A broad glacier, 3.6 nmi long, which occupies the upland northward of Mount Bergen and Mount Gran and flows north to the head of Alatna Valley.
Named by New Zealand Geographic Board (NZGB) (c. 1980) in association with the names of ships grouped in Convoy Range; lugger being a small vessel with four-sided sails.

==Other features==

===Cargo Pond===
. A pond in a moraine enclosed basin at the foot of the cliffs to the south end of Alatna Valley, in the Convoy Range of Victoria Land.
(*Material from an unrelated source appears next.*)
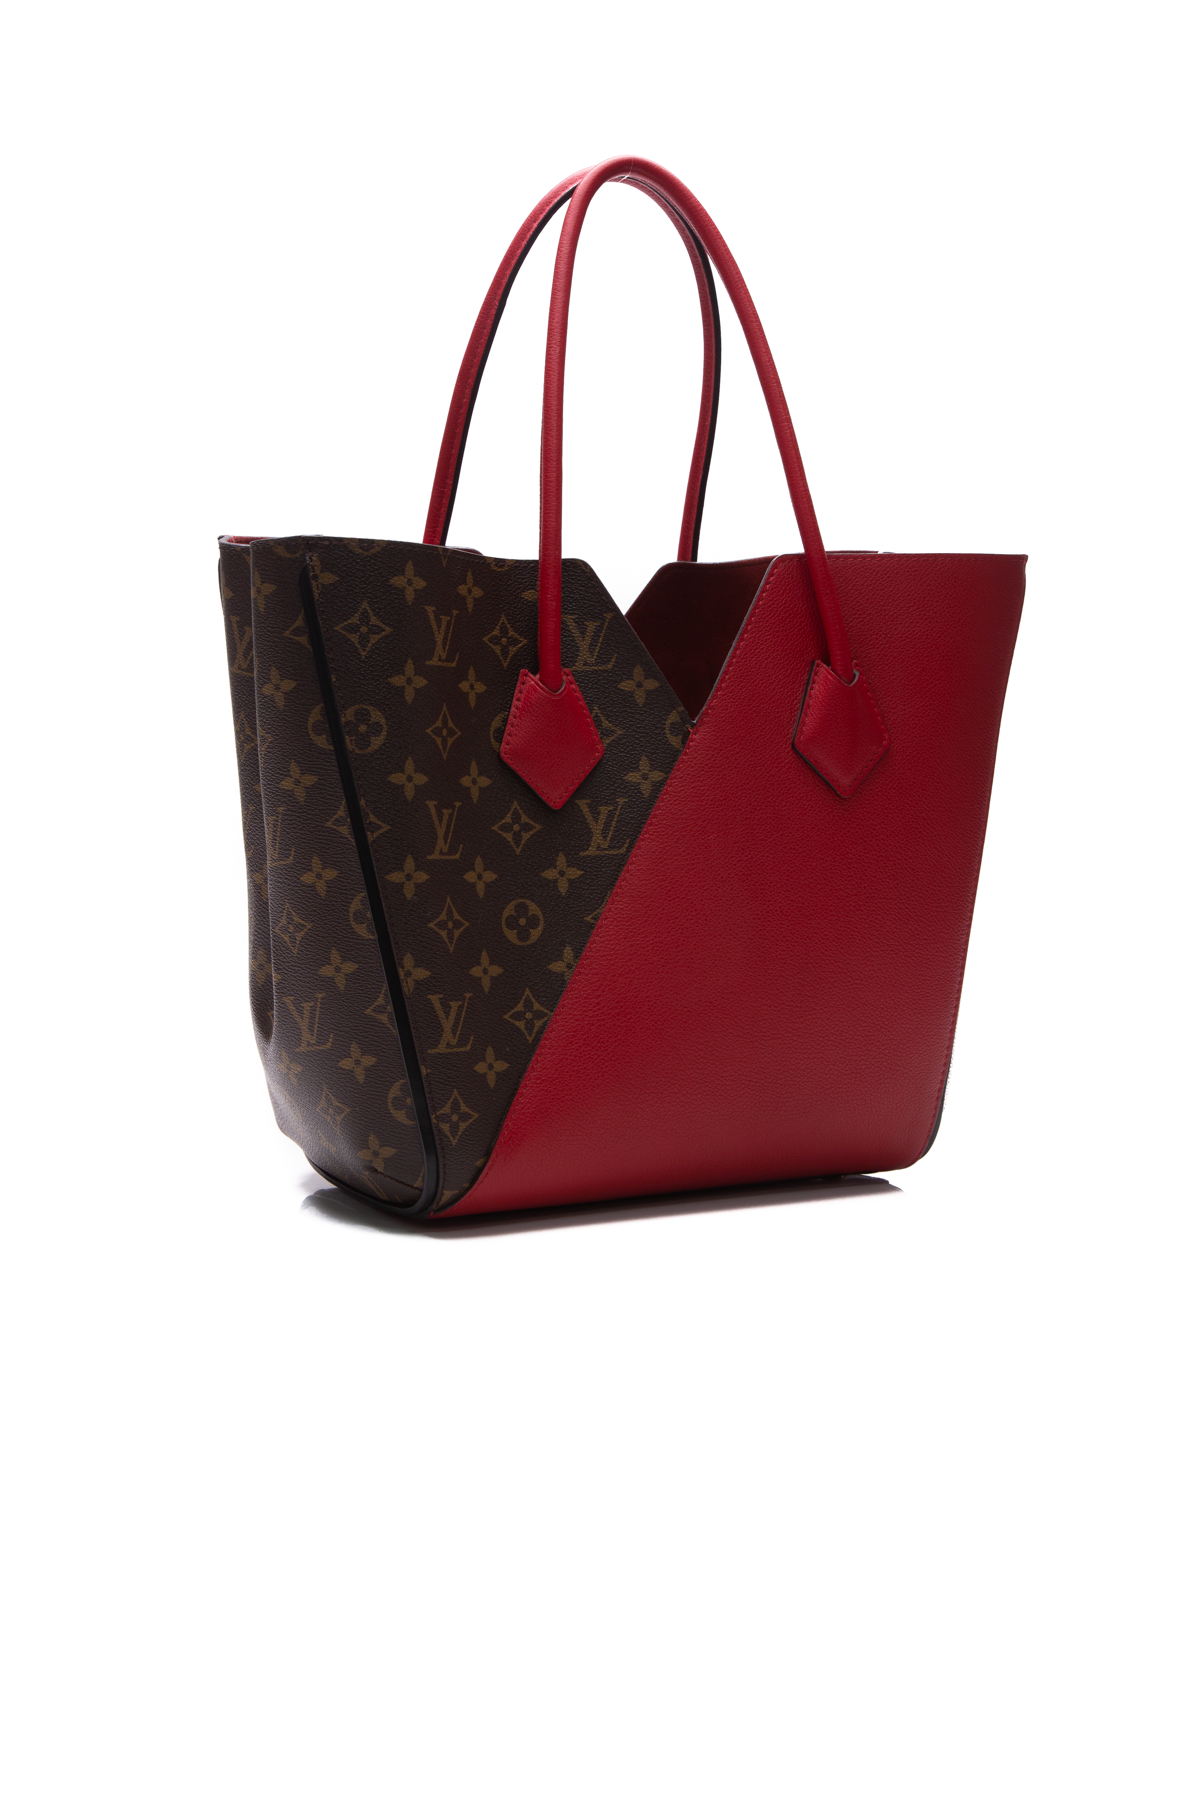 Louis Vuitton Lockme Hobo Bag - Couture USA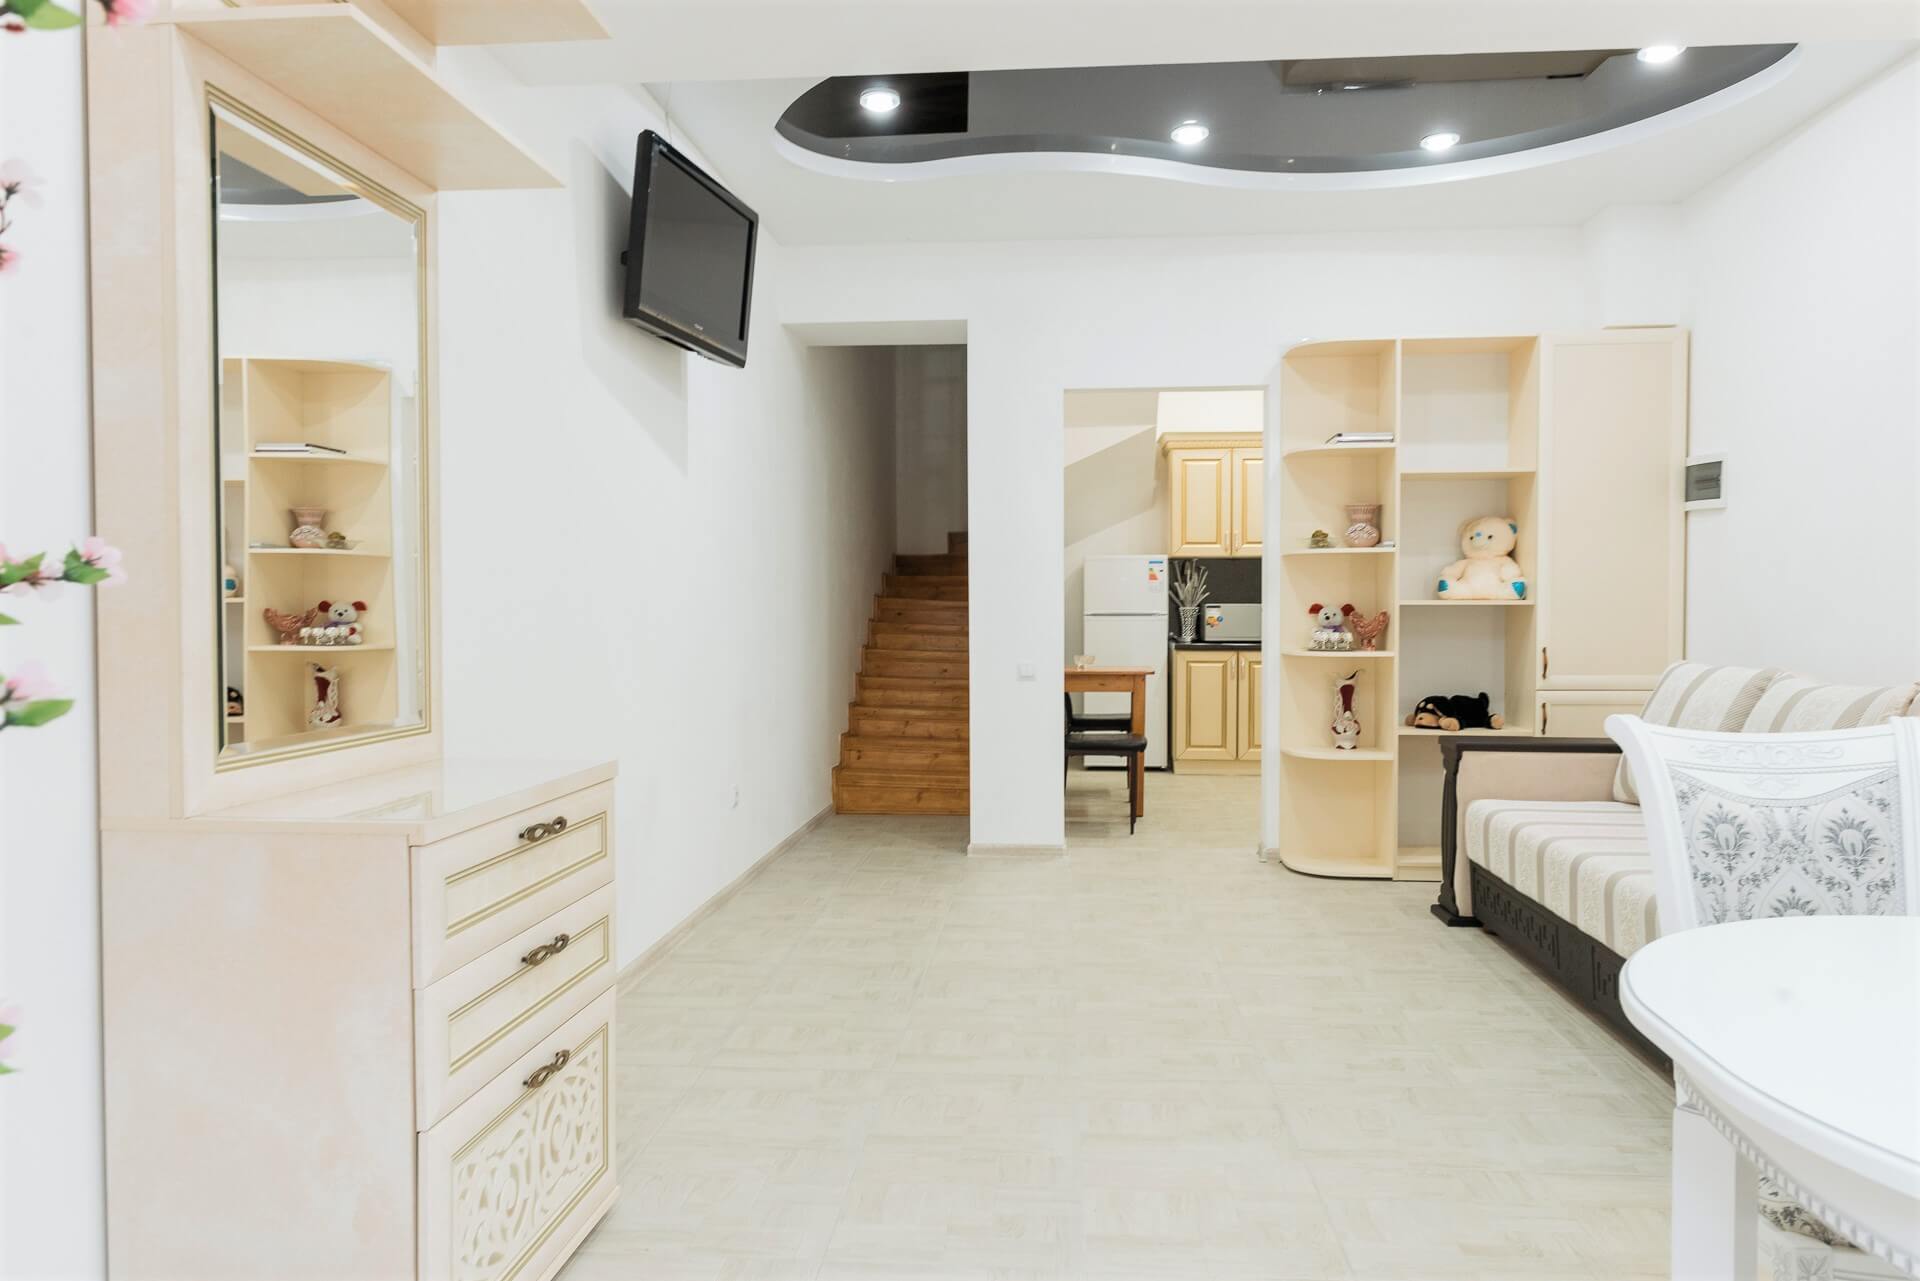 Двухкомнатная квартира на ул.Свирская 22 (85кв.м) до 7 гостей

This frozen pond was the site of a 1960-61 USARP field party (Parker Calkin, Roger Hart, and Ellory Schempp) which had to be evacuated in a hurry. Equipment and provisions stockpiled on the pond ice were eventually redistributed by the wind and lodged among the surrounding morainic boulders. A 1989-90 NZARP party (Trevor Chinn) camped nearby made frequent visits to the site to clean up the area, but also to acquire various 30-year old exotic foods to supplement their standard camp fare.

===Rum Pond===
. The larger and eastern of two closely spaced frozen ponds in the floor of Alatna Valley. The name is one of a group in Convoy Range reflecting a nautical theme. Named after this traditional naval beverage by a 1989-90 NZARP field party.

===Tot Pond===
. The smaller and western of two closely spaced frozen ponds in the floor of Alatna Valley, filled by overflow from the larger adjacent Rum Pond. Named by a 1989-90 NZARP field party (Trevor Chinn) in association with Rum Pond; in nautical circles a tot is a traditional small issue of rum.